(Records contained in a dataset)
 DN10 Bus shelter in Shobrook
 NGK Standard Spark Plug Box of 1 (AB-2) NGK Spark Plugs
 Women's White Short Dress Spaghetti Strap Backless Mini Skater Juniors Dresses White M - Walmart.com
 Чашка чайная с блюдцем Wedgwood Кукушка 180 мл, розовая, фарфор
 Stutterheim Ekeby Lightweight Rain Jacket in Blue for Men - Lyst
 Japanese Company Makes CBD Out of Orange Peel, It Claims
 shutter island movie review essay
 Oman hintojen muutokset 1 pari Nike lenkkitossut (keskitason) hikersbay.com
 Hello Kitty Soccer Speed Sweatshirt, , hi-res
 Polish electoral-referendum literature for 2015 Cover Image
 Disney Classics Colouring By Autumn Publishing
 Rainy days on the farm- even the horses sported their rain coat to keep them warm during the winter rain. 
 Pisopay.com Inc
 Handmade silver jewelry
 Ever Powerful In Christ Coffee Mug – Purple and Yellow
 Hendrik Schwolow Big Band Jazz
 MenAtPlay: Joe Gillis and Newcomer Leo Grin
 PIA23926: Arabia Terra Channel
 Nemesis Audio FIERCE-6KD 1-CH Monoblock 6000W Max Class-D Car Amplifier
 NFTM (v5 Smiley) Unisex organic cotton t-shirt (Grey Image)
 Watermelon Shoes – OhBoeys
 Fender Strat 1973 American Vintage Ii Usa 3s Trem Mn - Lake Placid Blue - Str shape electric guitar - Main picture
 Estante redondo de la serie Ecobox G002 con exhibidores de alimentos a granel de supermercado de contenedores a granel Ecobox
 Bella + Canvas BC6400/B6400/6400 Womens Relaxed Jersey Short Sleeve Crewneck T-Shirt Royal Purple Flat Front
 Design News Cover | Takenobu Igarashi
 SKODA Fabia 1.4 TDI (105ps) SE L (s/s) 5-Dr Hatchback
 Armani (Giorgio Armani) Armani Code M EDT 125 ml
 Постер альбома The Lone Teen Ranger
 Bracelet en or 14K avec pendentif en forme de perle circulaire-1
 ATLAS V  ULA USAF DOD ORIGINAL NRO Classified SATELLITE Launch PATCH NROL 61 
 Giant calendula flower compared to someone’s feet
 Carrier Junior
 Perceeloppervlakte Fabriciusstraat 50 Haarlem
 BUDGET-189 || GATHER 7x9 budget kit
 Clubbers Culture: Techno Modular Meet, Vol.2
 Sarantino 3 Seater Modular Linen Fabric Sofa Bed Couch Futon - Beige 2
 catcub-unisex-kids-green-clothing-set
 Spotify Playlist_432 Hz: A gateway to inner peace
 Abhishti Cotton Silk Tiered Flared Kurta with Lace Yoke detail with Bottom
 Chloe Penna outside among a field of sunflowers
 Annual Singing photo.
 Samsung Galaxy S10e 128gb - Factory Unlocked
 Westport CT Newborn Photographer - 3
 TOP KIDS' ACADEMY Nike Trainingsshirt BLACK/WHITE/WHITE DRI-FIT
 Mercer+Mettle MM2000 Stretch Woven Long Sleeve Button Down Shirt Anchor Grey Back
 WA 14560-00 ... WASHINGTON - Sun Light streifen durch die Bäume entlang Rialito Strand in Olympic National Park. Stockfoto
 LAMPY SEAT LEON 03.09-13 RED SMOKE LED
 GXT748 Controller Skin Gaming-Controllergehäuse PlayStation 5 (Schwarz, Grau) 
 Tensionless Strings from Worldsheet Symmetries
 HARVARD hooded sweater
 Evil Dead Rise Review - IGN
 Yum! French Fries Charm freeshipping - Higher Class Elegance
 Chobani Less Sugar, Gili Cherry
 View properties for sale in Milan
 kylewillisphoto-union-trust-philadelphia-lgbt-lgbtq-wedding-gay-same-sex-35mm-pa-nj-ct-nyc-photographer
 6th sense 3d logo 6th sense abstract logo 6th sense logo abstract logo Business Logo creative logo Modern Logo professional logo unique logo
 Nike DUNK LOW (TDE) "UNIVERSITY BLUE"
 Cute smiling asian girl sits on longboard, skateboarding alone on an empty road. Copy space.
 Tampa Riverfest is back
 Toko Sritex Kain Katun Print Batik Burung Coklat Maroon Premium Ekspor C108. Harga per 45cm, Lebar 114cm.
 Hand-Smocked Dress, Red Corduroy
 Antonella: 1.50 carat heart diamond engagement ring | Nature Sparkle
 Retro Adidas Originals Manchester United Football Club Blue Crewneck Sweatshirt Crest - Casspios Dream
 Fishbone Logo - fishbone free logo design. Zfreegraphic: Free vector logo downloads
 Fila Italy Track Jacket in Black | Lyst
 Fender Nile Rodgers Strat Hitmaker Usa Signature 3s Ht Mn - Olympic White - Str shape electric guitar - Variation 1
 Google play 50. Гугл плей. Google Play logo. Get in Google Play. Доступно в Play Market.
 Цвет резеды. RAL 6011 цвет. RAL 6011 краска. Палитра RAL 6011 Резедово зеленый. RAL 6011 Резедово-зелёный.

PROBLEM – Look back at the entries above. Retype the line with "Spotify Playlist_432 Hz: A", the line with "Hand-Smocked Dress, Red Corduroy", and all lines in between.

ANSWER TO THE EXERCISE –
 Spotify Playlist_432 Hz: A gateway to inner peace
 Abhishti Cotton Silk Tiered Flared Kurta with Lace Yoke detail with Bottom
 Chloe Penna outside among a field of sunflowers
 Annual Singing photo.
 Samsung Galaxy S10e 128gb - Factory Unlocked
 Westport CT Newborn Photographer - 3
 TOP KIDS' ACADEMY Nike Trainingsshirt BLACK/WHITE/WHITE DRI-FIT
 Mercer+Mettle MM2000 Stretch Woven Long Sleeve Button Down Shirt Anchor Grey Back
 WA 14560-00 ... WASHINGTON - Sun Light streifen durch die Bäume entlang Rialito Strand in Olympic National Park. Stockfoto
 LAMPY SEAT LEON 03.09-13 RED SMOKE LED
 GXT748 Controller Skin Gaming-Controllergehäuse PlayStation 5 (Schwarz, Grau) 
 Tensionless Strings from Worldsheet Symmetries
 HARVARD hooded sweater
 Evil Dead Rise Review - IGN
 Yum! French Fries Charm freeshipping - Higher Class Elegance
 Chobani Less Sugar, Gili Cherry
 View properties for sale in Milan
 kylewillisphoto-union-trust-philadelphia-lgbt-lgbtq-wedding-gay-same-sex-35mm-pa-nj-ct-nyc-photographer
 6th sense 3d logo 6th sense abstract logo 6th sense logo abstract logo Business Logo creative logo Modern Logo professional logo unique logo
 Nike DUNK LOW (TDE) "UNIVERSITY BLUE"
 Cute smiling asian girl sits on longboard, skateboarding alone on an empty road. Copy space.
 Tampa Riverfest is back
 Toko Sritex Kain Katun Print Batik Burung Coklat Maroon Premium Ekspor C108. Harga per 45cm, Lebar 114cm.
 Hand-Smocked Dress, Red Corduroy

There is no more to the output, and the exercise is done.